§ What is being asked
Every line below from the one with "テラス乳剤失効アルビオン エクサージュ ホワイトピュアホワイトミルク(2) 110g" through the one with "1月31日の太陽 大プロミネ" should be retyped exactly, both ends included; no other lines and no pictures.

§ Provided data
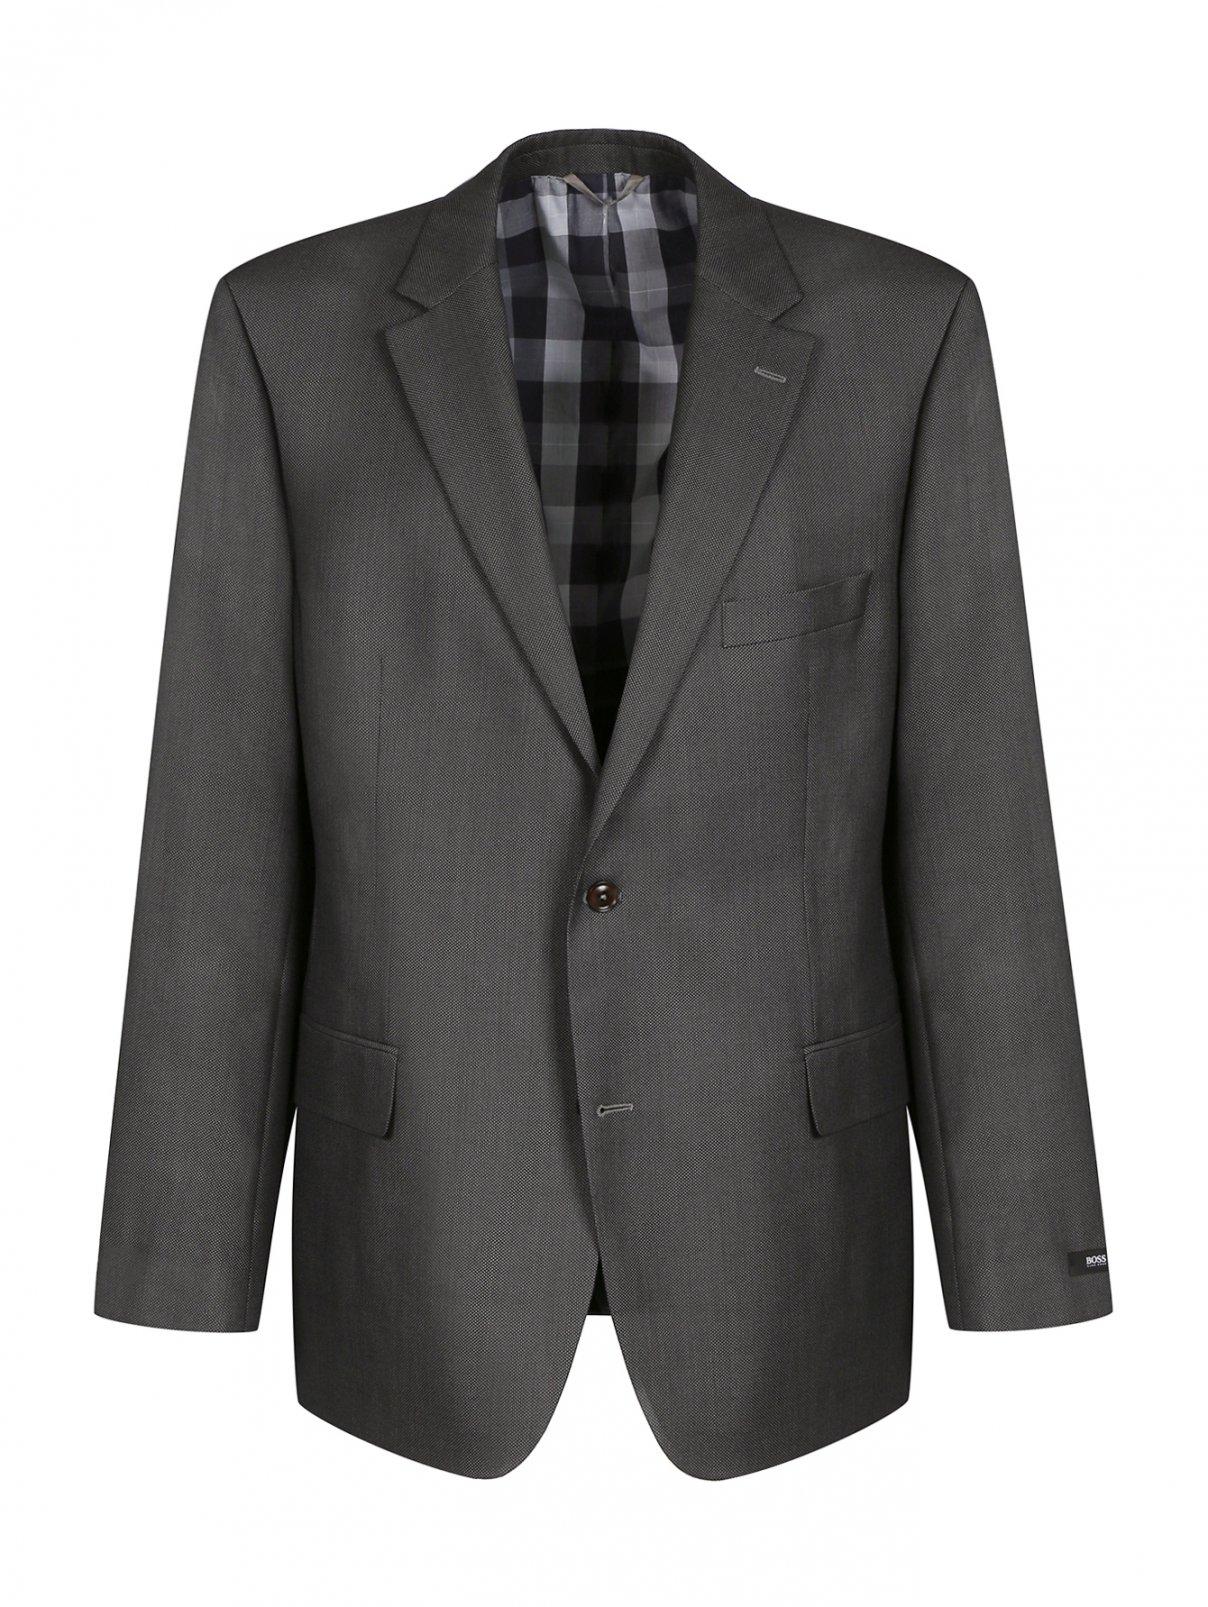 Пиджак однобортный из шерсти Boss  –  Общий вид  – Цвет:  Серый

* * *

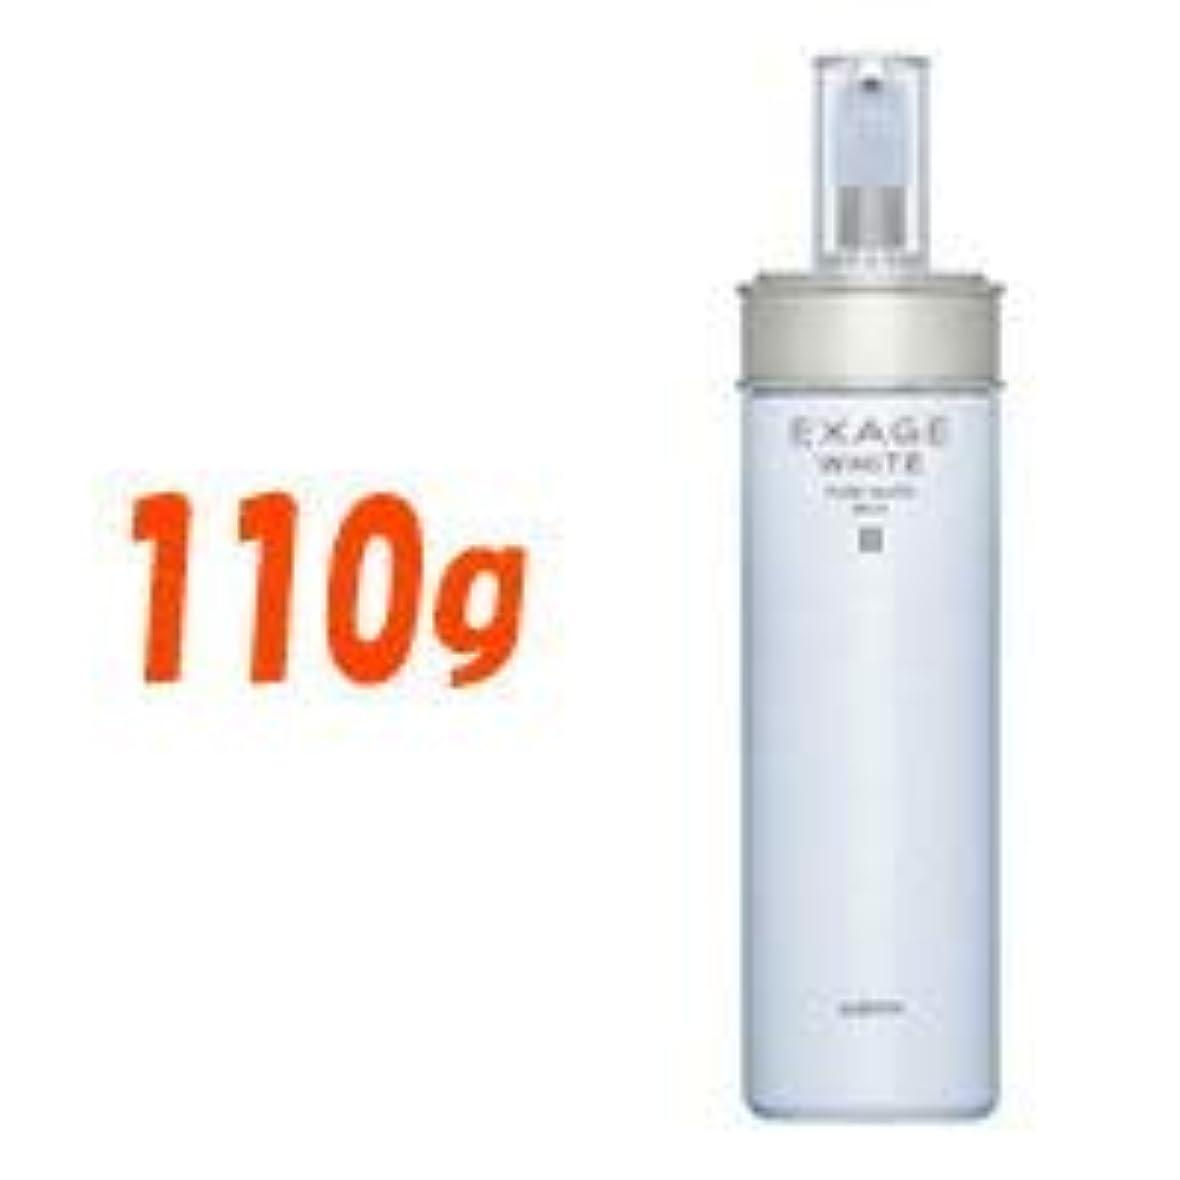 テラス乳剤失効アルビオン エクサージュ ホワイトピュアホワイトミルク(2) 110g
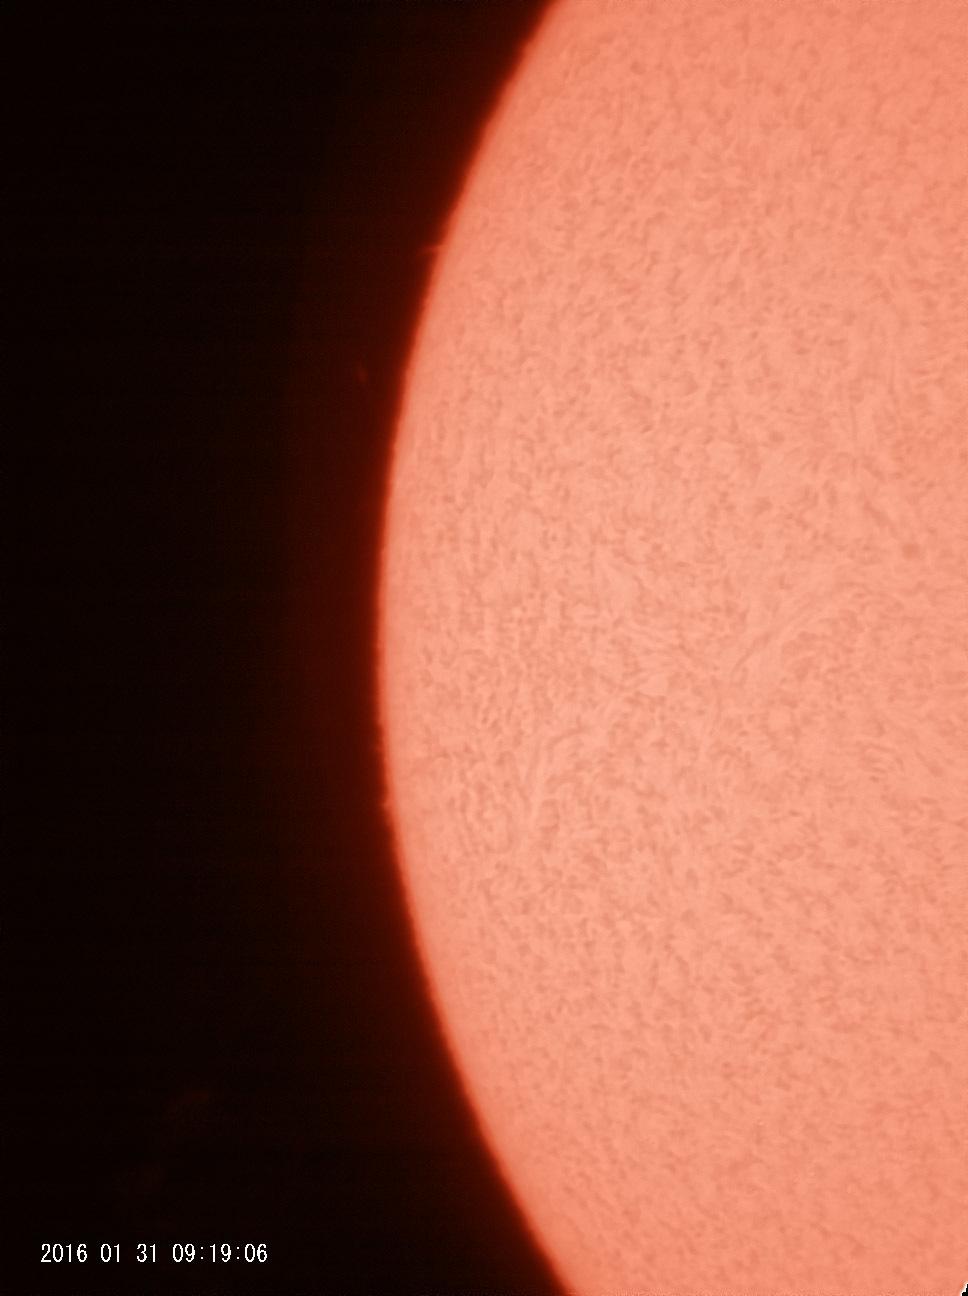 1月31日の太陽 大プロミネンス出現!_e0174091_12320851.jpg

§ Your solution
 テラス乳剤失効アルビオン エクサージュ ホワイトピュアホワイトミルク(2) 110g
 1月31日の太陽 大プロミネンス出現!_e0174091_12320851.jpg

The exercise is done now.